王子建出守於城父,與成公乾遇於疇中,問曰:「是何也?」成公乾曰:「疇也。」「疇也者,何也?」曰:「所以為麻也。」「麻也者,何也?」曰:「所以為衣也。」成衣乾曰:「昔者莊王伐陳,舍於有蕭氏,謂路室之人曰:巷其不善乎!何溝之不浚也?莊王猶知巷之不善,溝之不浚,今吾子不知疇之為麻,麻之為衣,吾子其不主社稷乎?」王子果不立。

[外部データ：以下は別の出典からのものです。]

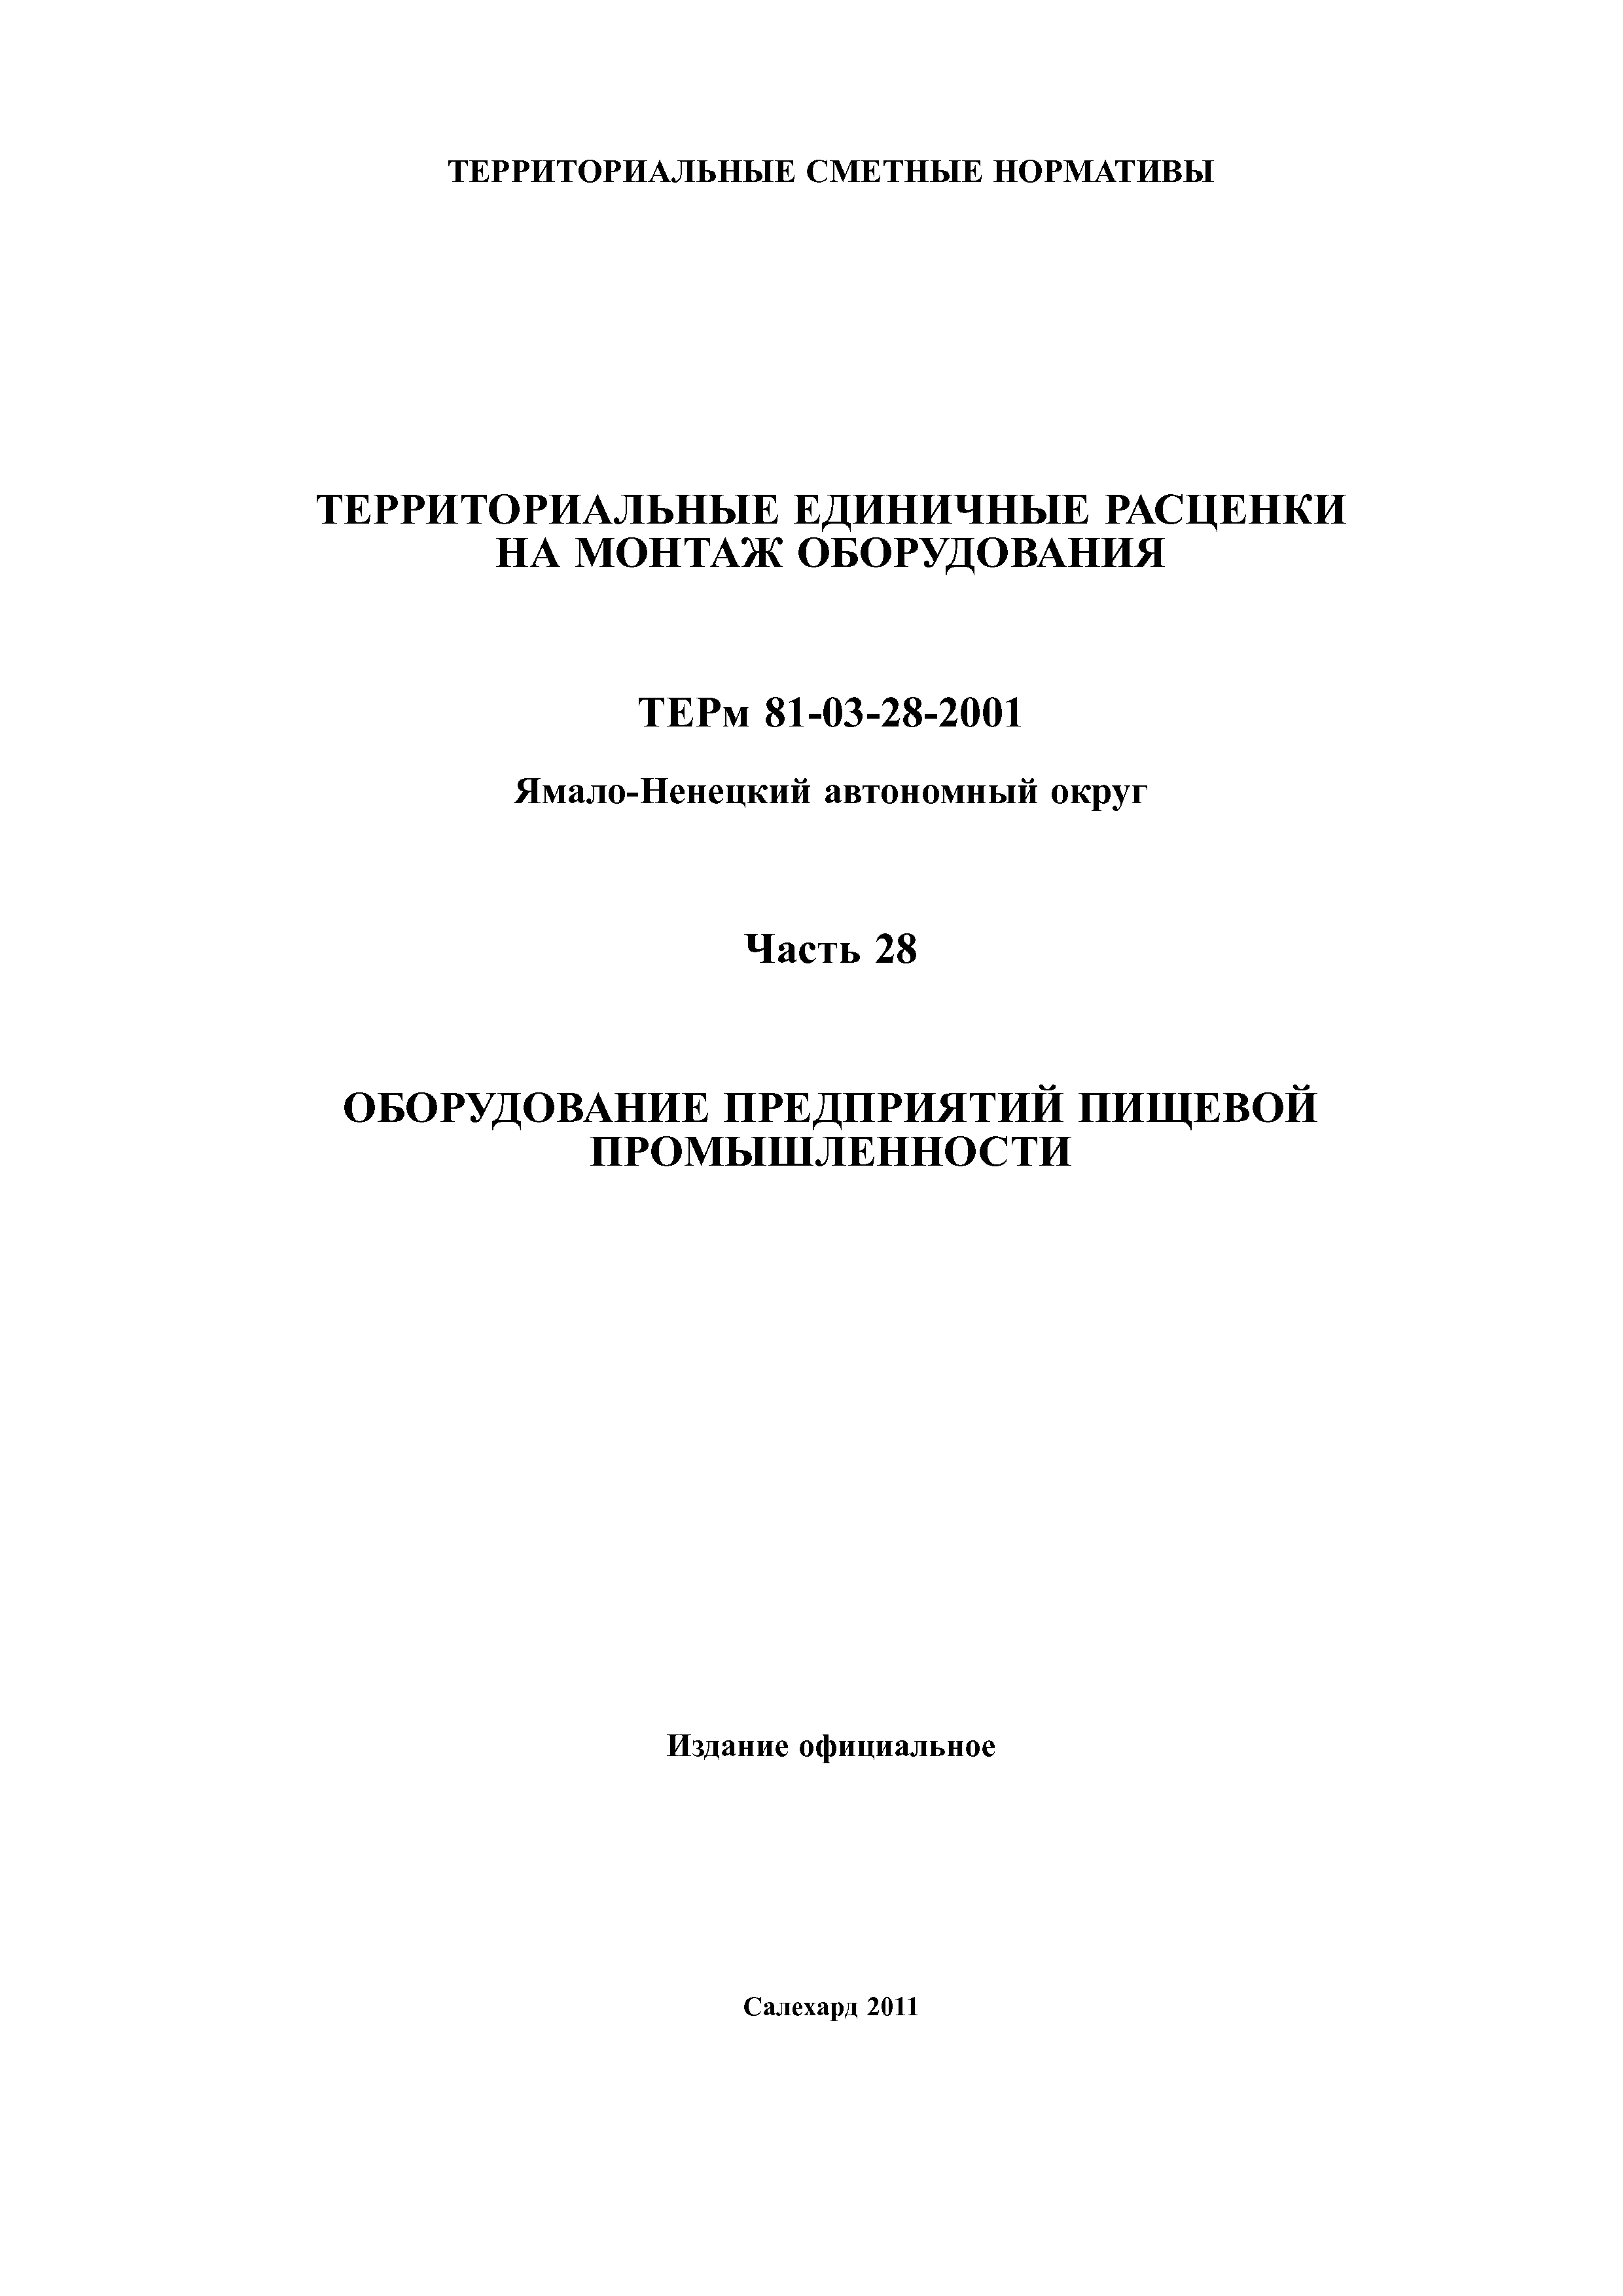 ТЕРм Ямало-Ненецкий автономный округ 28-2001

新字:王子建出守於城父,与成公乾遇於疇中,問曰:「是何也?」成公乾曰:「疇也。」「疇也者,何也?」曰:「所以為麻也。」「麻也者,何也?」曰:「所以為衣也。」成衣乾曰:「昔者荘王伐陳,舎於有蕭氏,謂路室之人曰:巷其不善乎!何溝之不浚也?荘王猶知巷之不善,溝之不浚,今吾子不知疇之為麻,麻之為衣,吾子其不主社稷乎?」王子果不立。

書き下し

王子建城父に出でて守る。成公乾と疇中(ちゅうちゅう)に遇う。問いて曰わく、「是れ何ぞや。」成公乾曰わく、「疇なり。」「疇なる者は何ぞや。」曰わく、「麻を為す所以なり。」「麻なる者は何ぞや。」曰わく、「衣を為す所以なり。」成公乾曰わく、「昔者荘王陳を伐ちて、有蕭氏に舎る。路室の人に謂いて曰わく、巷其れ善からざるか、何ぞ溝の浚(さら)わざるや、と。荘王猶お巷の善からざる、溝の浚われざるを知る。今吾が子疇の麻為ることを知らず、麻の衣為ることを知らず、吾が子其れ社稷を主とせざらんか。」王子果たして立たず。

現代語訳

王子建が城父に出て守備についた。成公乾と麻畑の中で出会った。王子建が尋ねて言った。「これは何か。」成公乾は「畑です」と答えた。「畑というのは何のためのものか。」「麻を作るためのものです。」「麻というのは何のためのものか。」「衣を作るためのものです。」成公乾は言った。「昔、荘王が陳を討伐したとき、有蕭氏のところに宿営しました。そのとき道端の宿の主人に向かって、『この路地はよくないのではないか、どうして溝の泥をさらっていないのか』とおっしゃいました。荘王でさえ、路地の手入れが行き届いていないこと、溝が浚われていないことにまで気づいていたのです。それなのに、あなたは麻畑が麻を作るためのものであることも、麻が衣を作るためのものであることも知らない。あなたはとても国家の祭祀を担う器ではないでしょう。」王子建は果たして王位に立つことはなかった。

解説

一国の後継者たる王子建が、日常の暮らしを支える最も基本的な事柄すら知らなかったという事実は、彼が民の生活実感から乖離した存在であることを如実に物語る。成公乾が引き合いに出す荘王の逸話――覇者ですら路地の乱れや溝の詰まりという些末な事柄にまで目を配っていた――との対比が、この批判の説得力を一層強めている。統治者やリーダーの資質は、壮大な理念を語れるかどうかではなく、現場の最も基本的な仕組みを理解しているかどうかにこそ現れるという教訓は、現場を知らずに管理職に就く者への警鐘として今なお色褪せない。